(Beginning of Information provided)

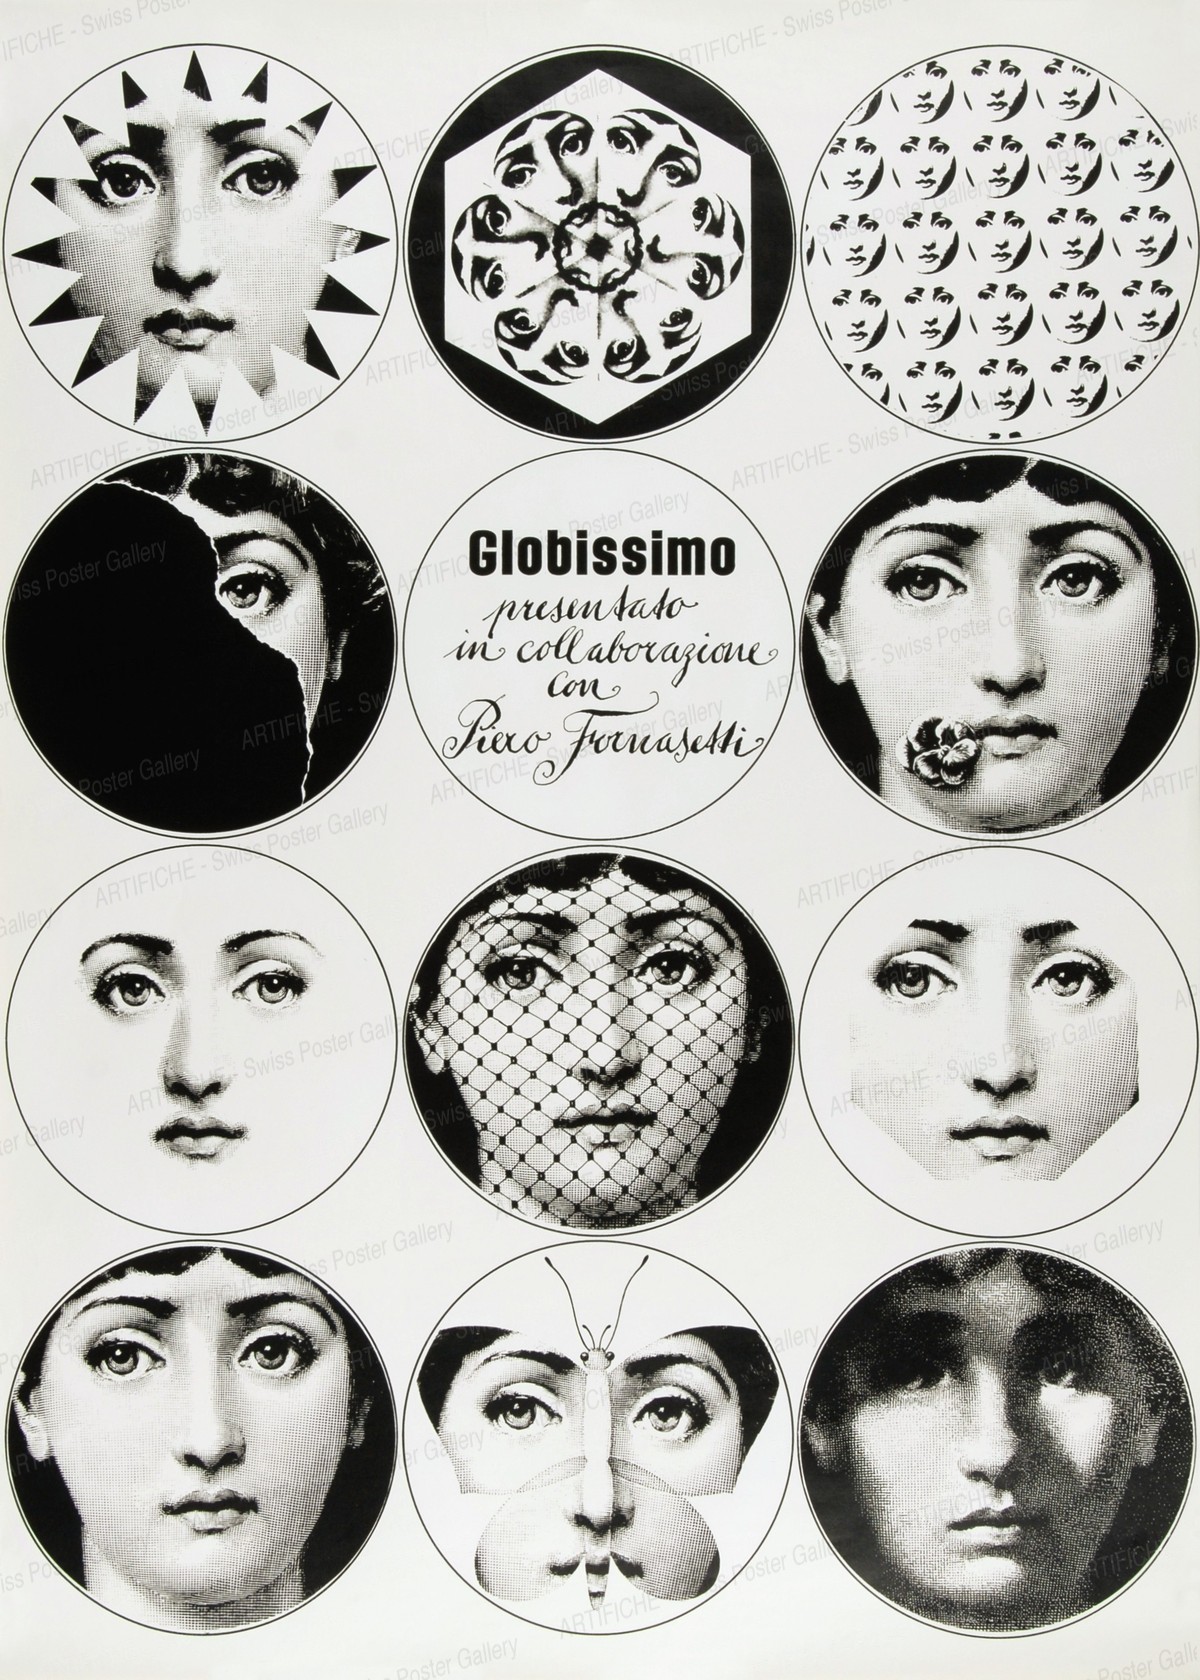 Globissimo – presentato in collaborazione con Piero Fornasetti, Piero Fornasetti
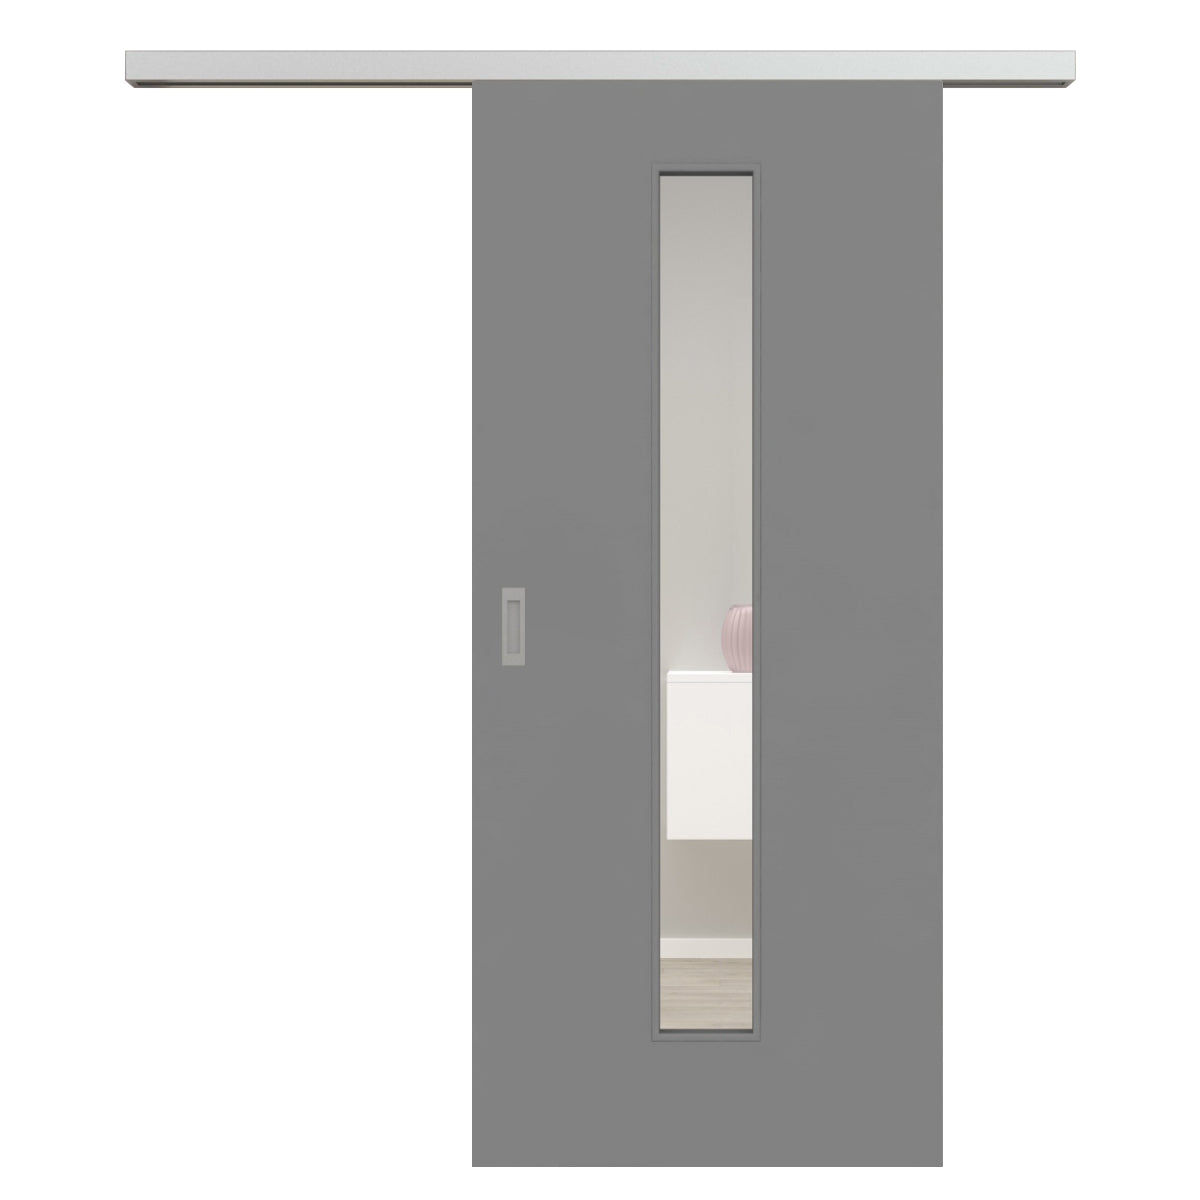 Schiebetür für Set mit Edelstahllaufkasten mit Lichtausschnitt grau glatt LAM
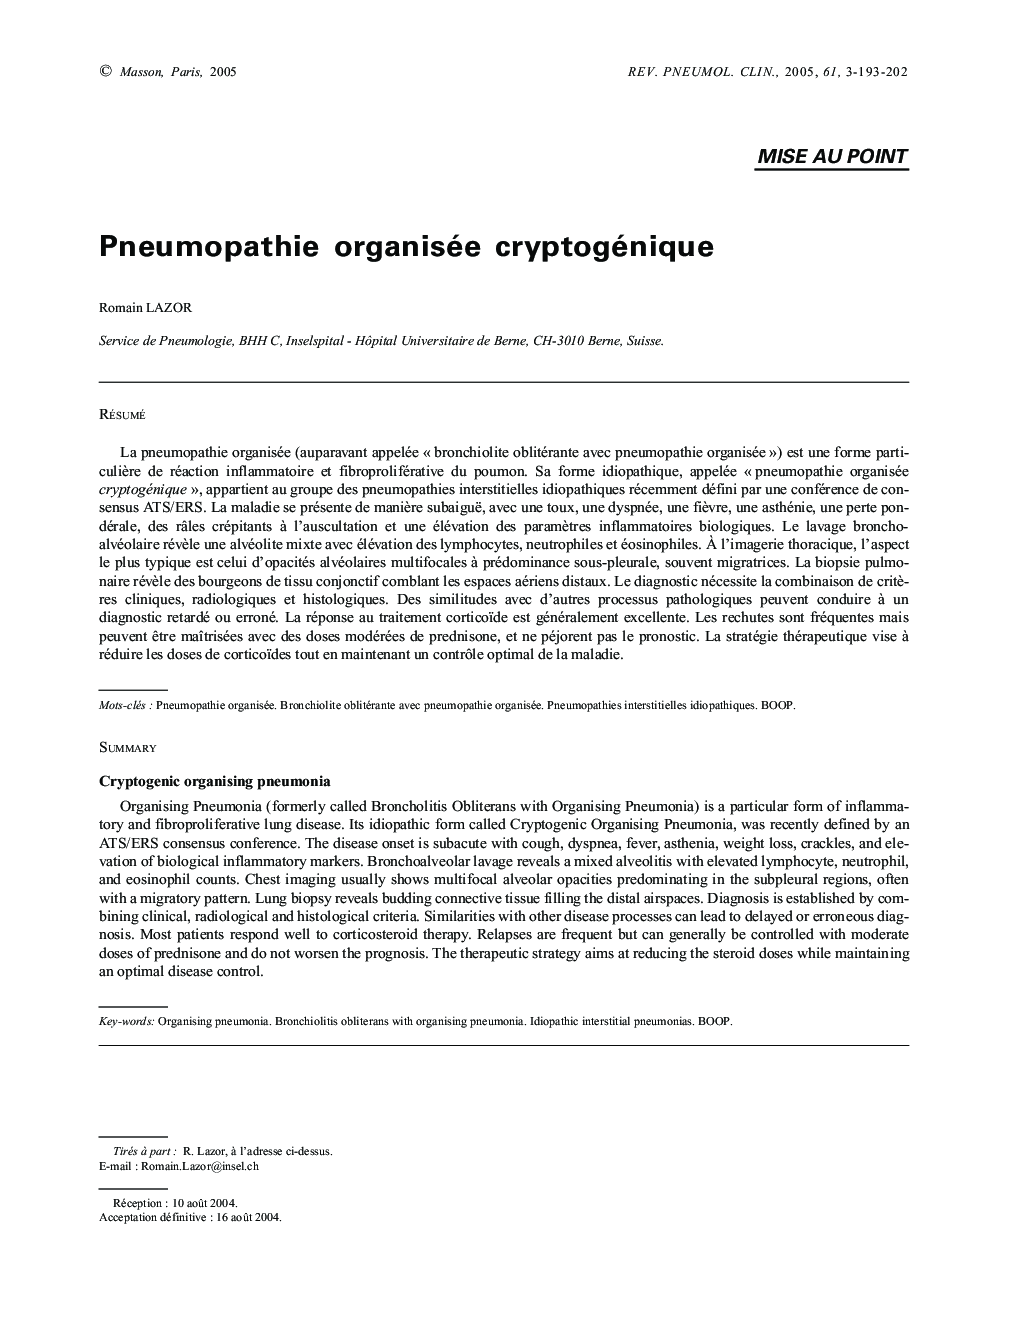 Pneumopathie organisée cryptogénique

(End of Information provided)

→ **Work to complete**
Write the listing out in full, exactly; no images.

→ **Task response**
 Globissimo – presentato in collaborazione con Piero Fornasetti, Piero Fornasetti
 Schiebetür für Set mit Edelstahllaufkasten mit Lichtausschnitt grau glatt LAM
 Pneumopathie organisée cryptogénique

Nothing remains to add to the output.